▶ _Data block_
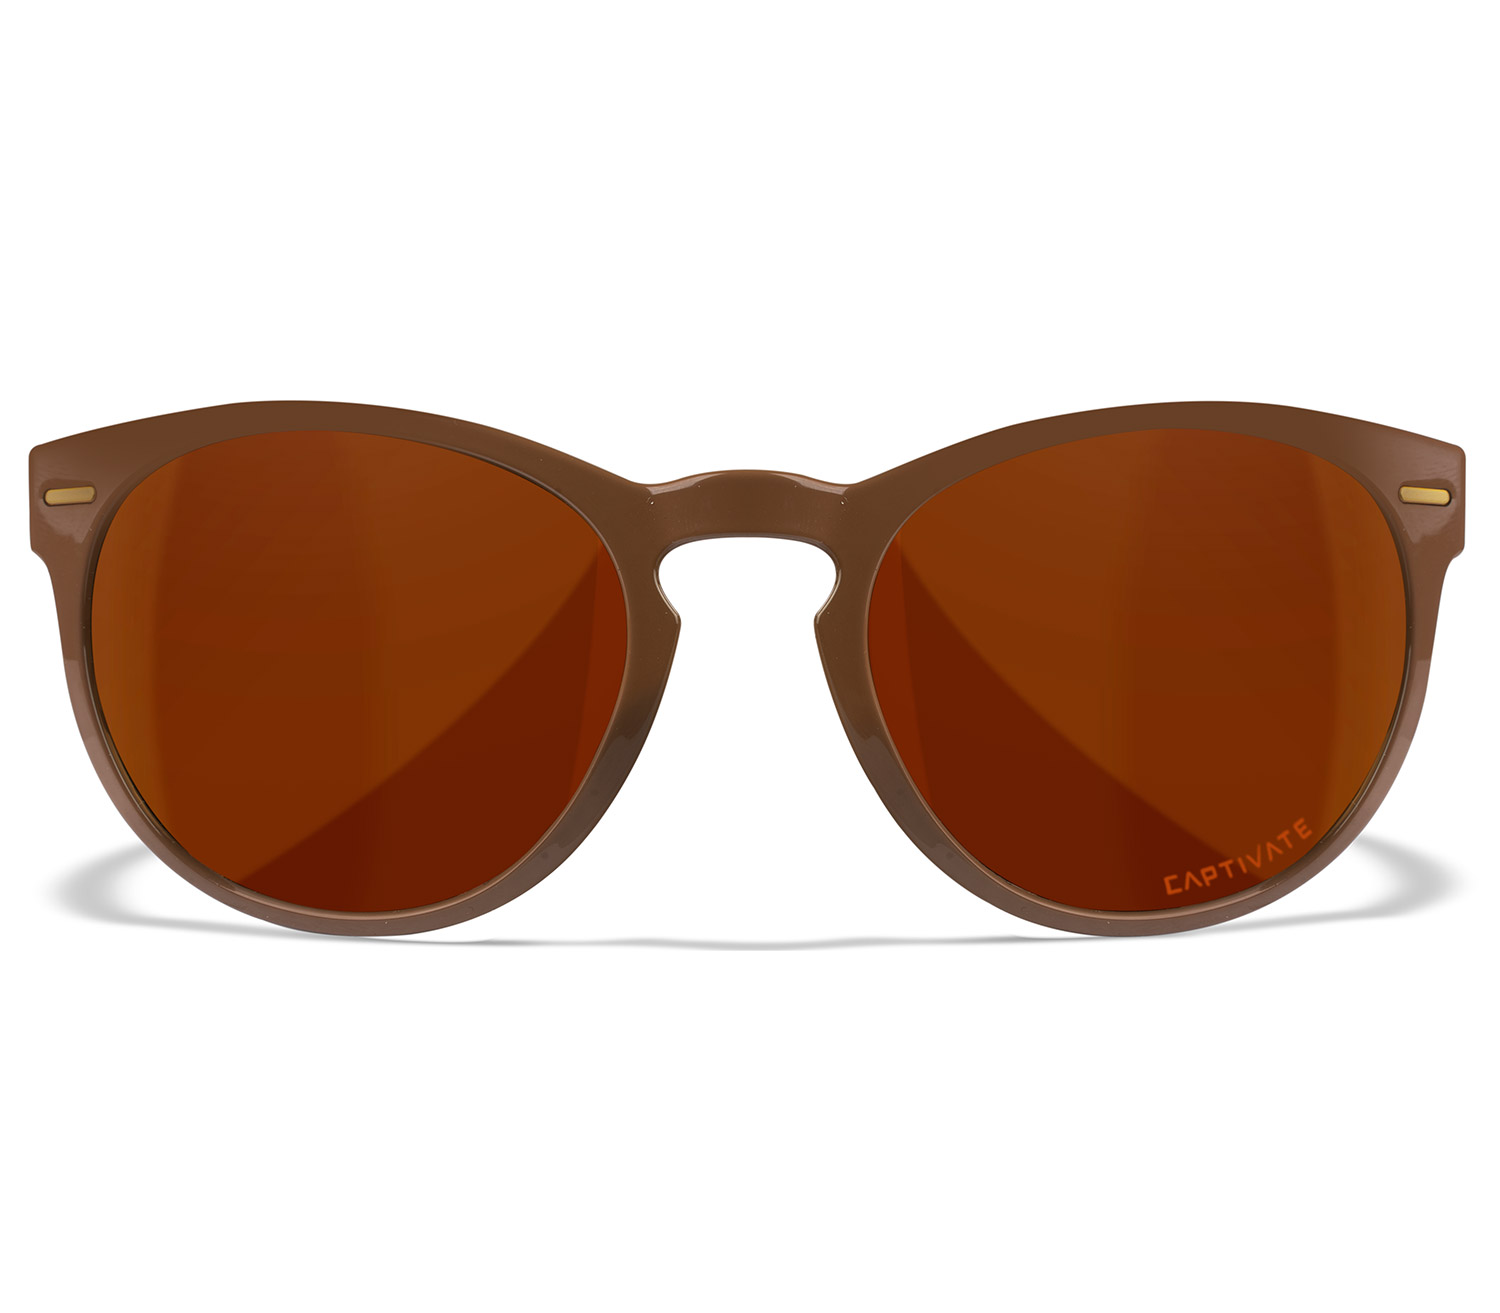 Gafas Wiley X Covert Captivate Copper frontal
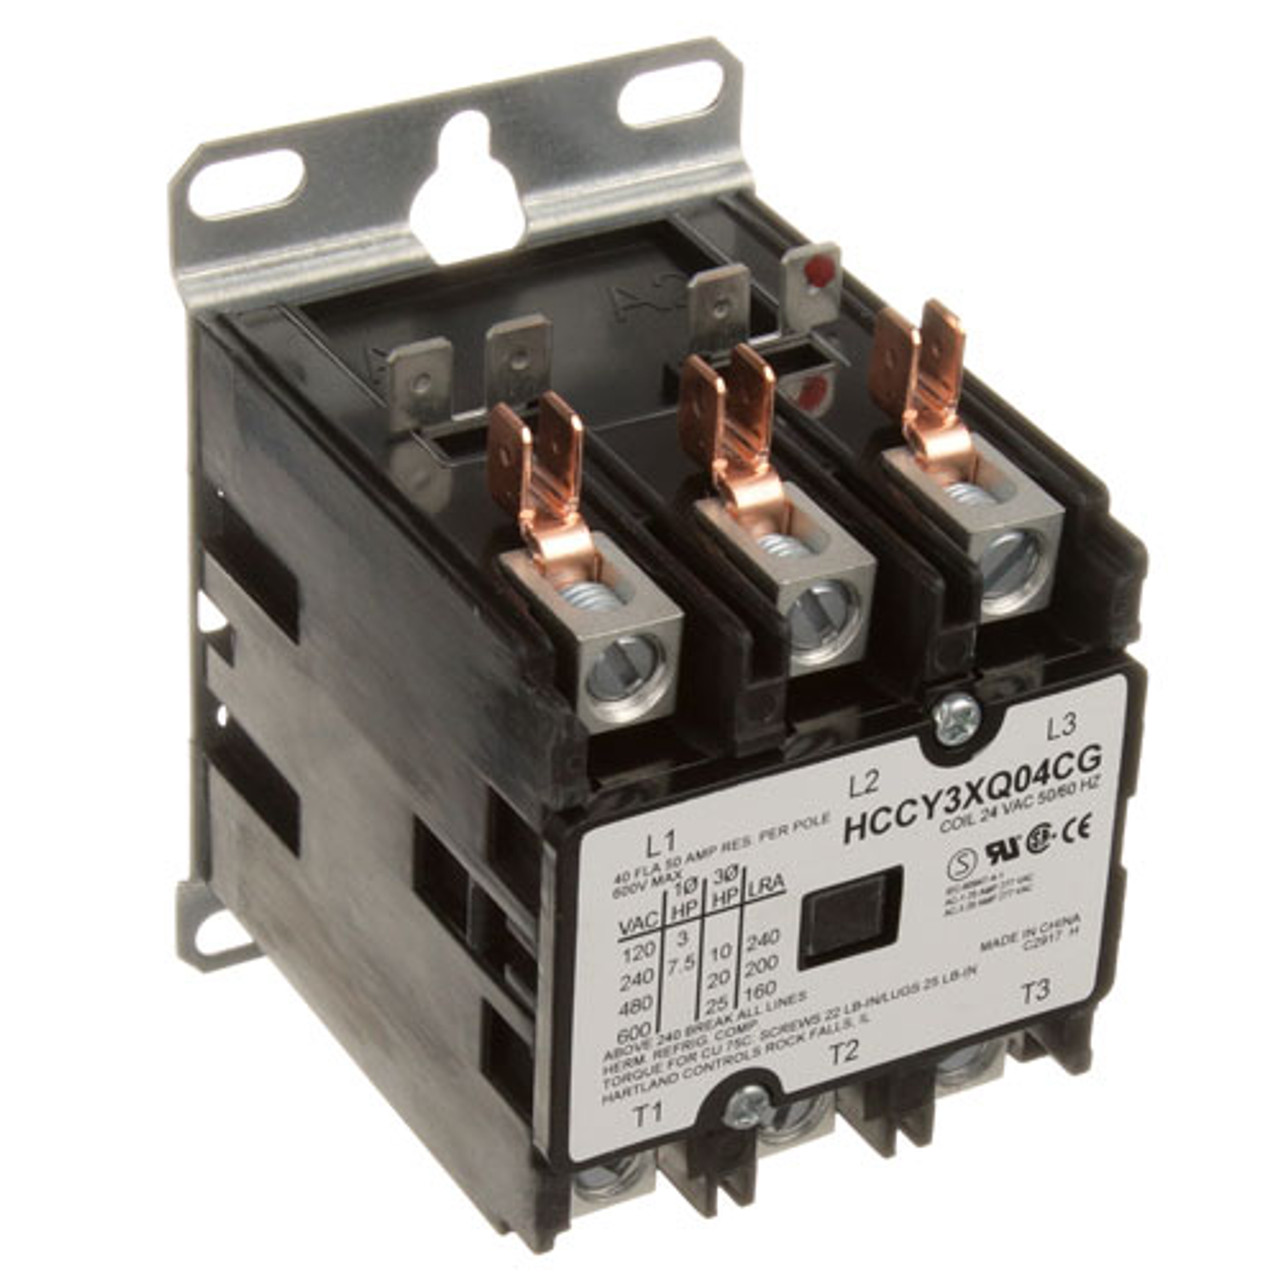 Contactor 3P 40/50A 24V - Replacement Part For Lbc Bakery Equipment 30700-17
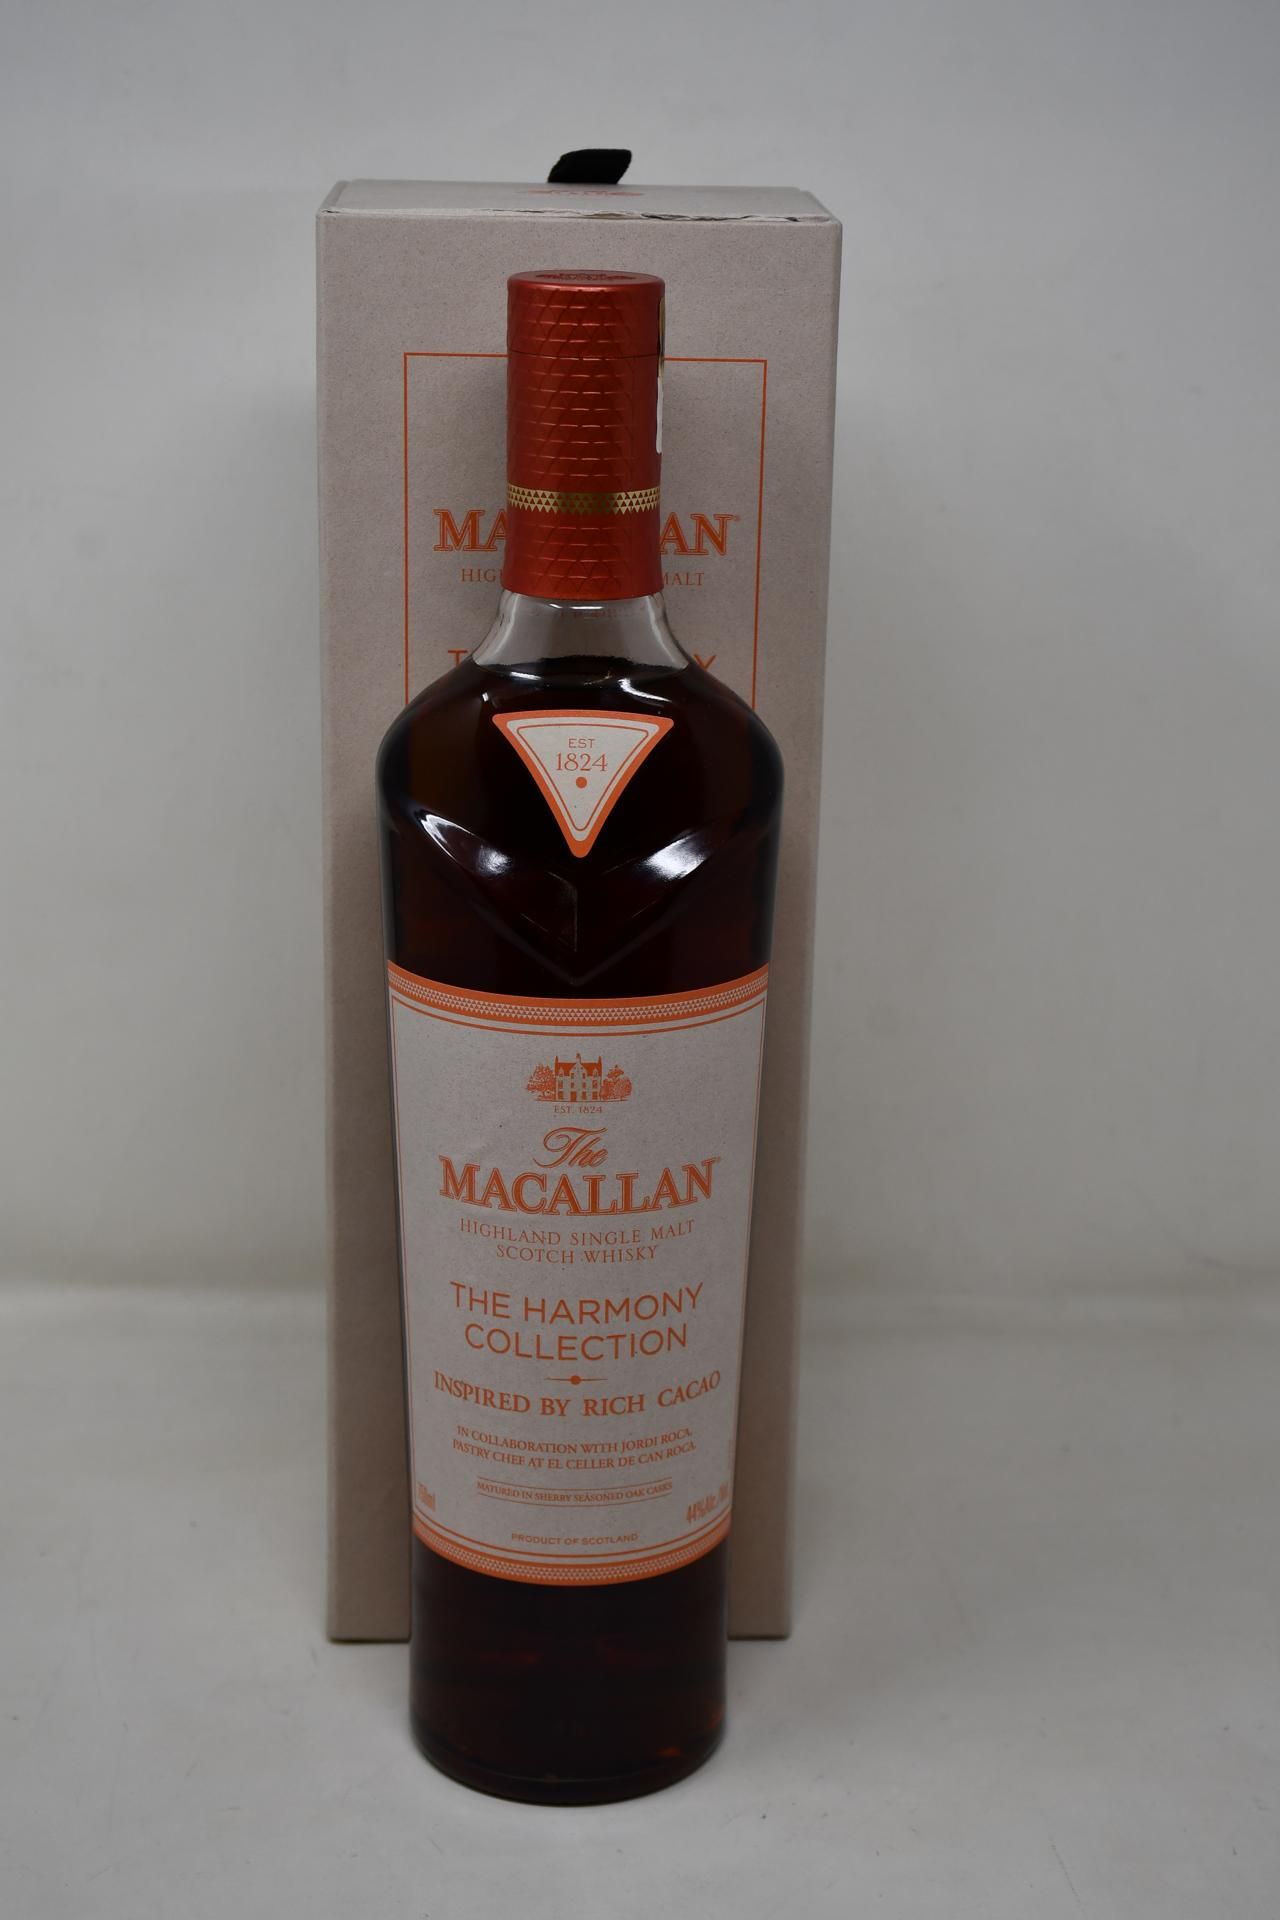 A bottle of The Macallan (The Harmany Collection Rich Cacao) Highland Single Malt Scotch Whiskey (75
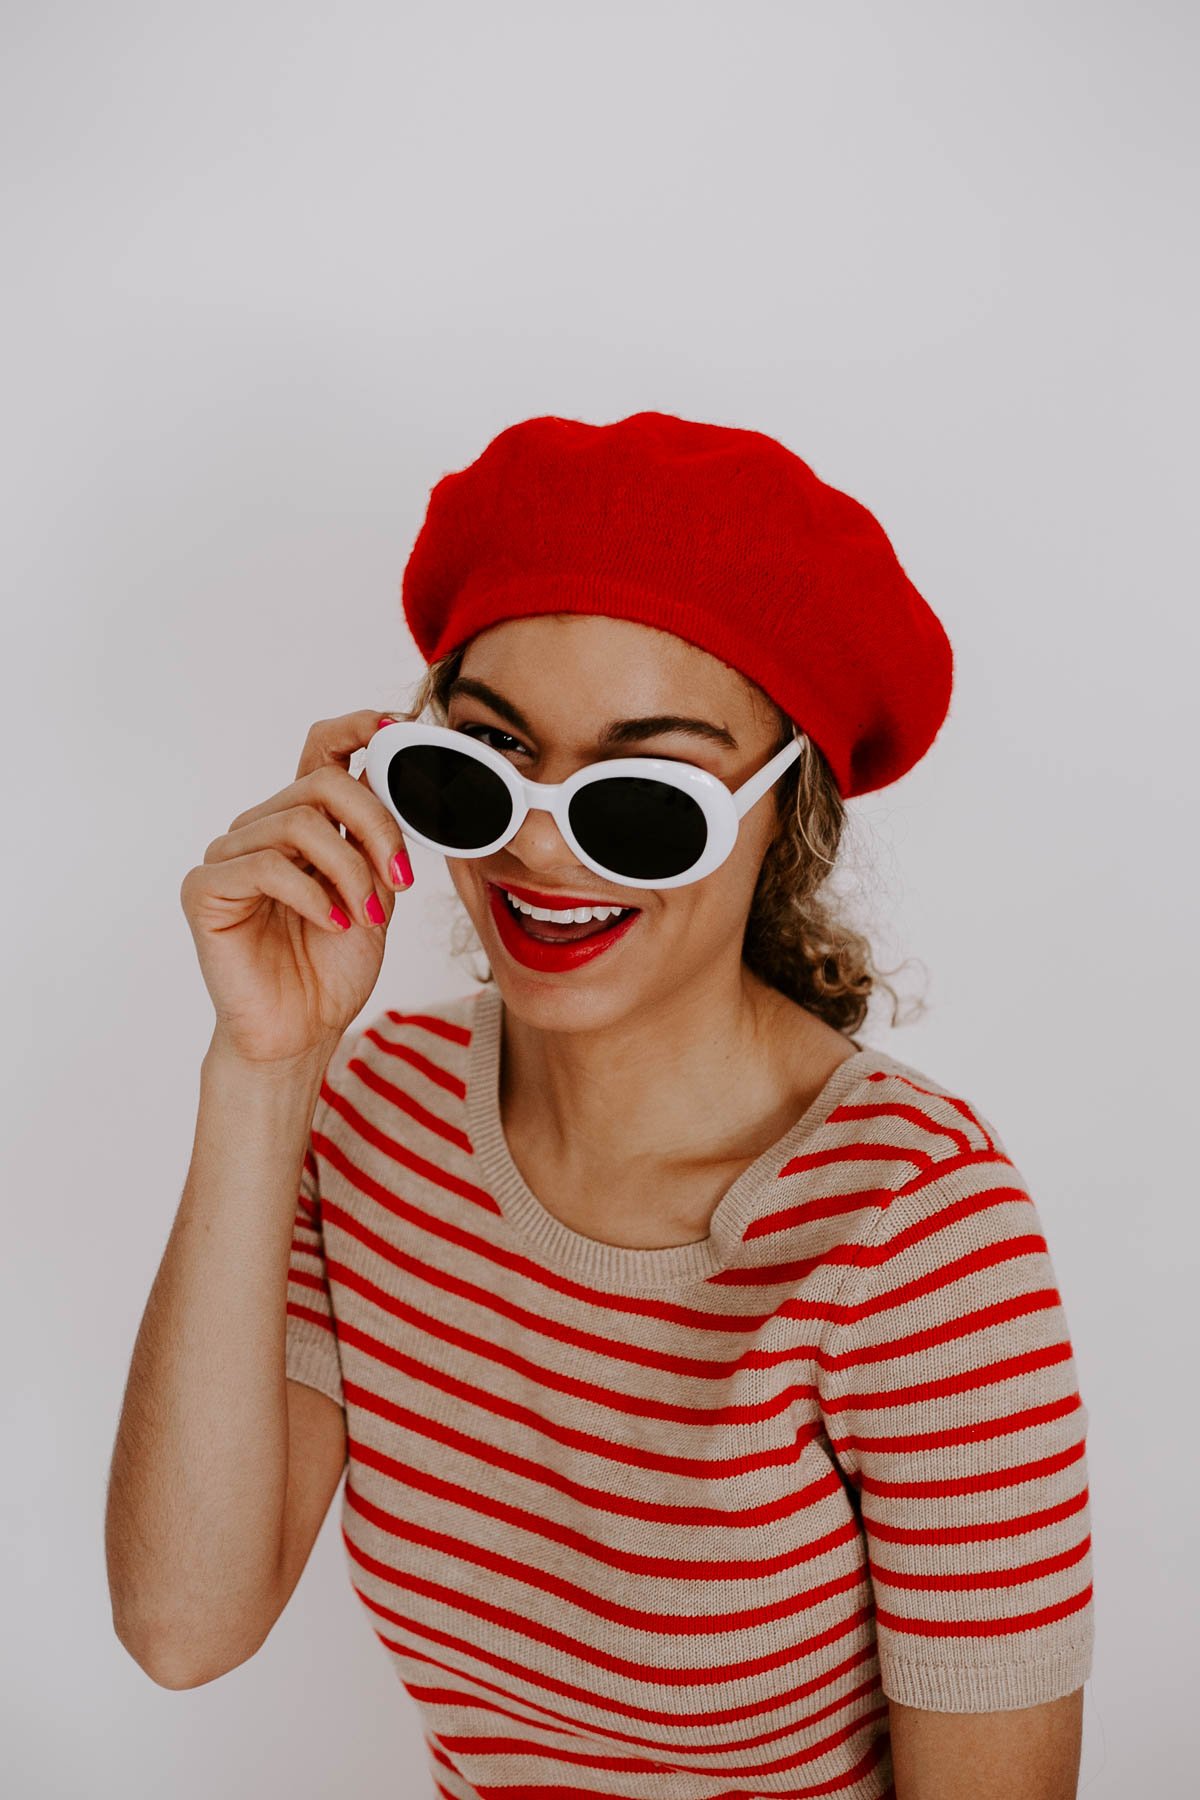 This red Parisian chic outfit with the striped top and beret is what all French style outfit dreams are made of!

▶ _Goal of the exercise_
Return exactly the lines that begin with the one containing "A bottle of" and end with the final line of the data above; include no pictures.

▶ _Answer to the problem_
 A bottle of The Macallan (The Harmany Collection Rich Cacao) Highland Single Malt Scotch Whiskey (75
 This red Parisian chic outfit with the striped top and beret is what all French style outfit dreams are made of!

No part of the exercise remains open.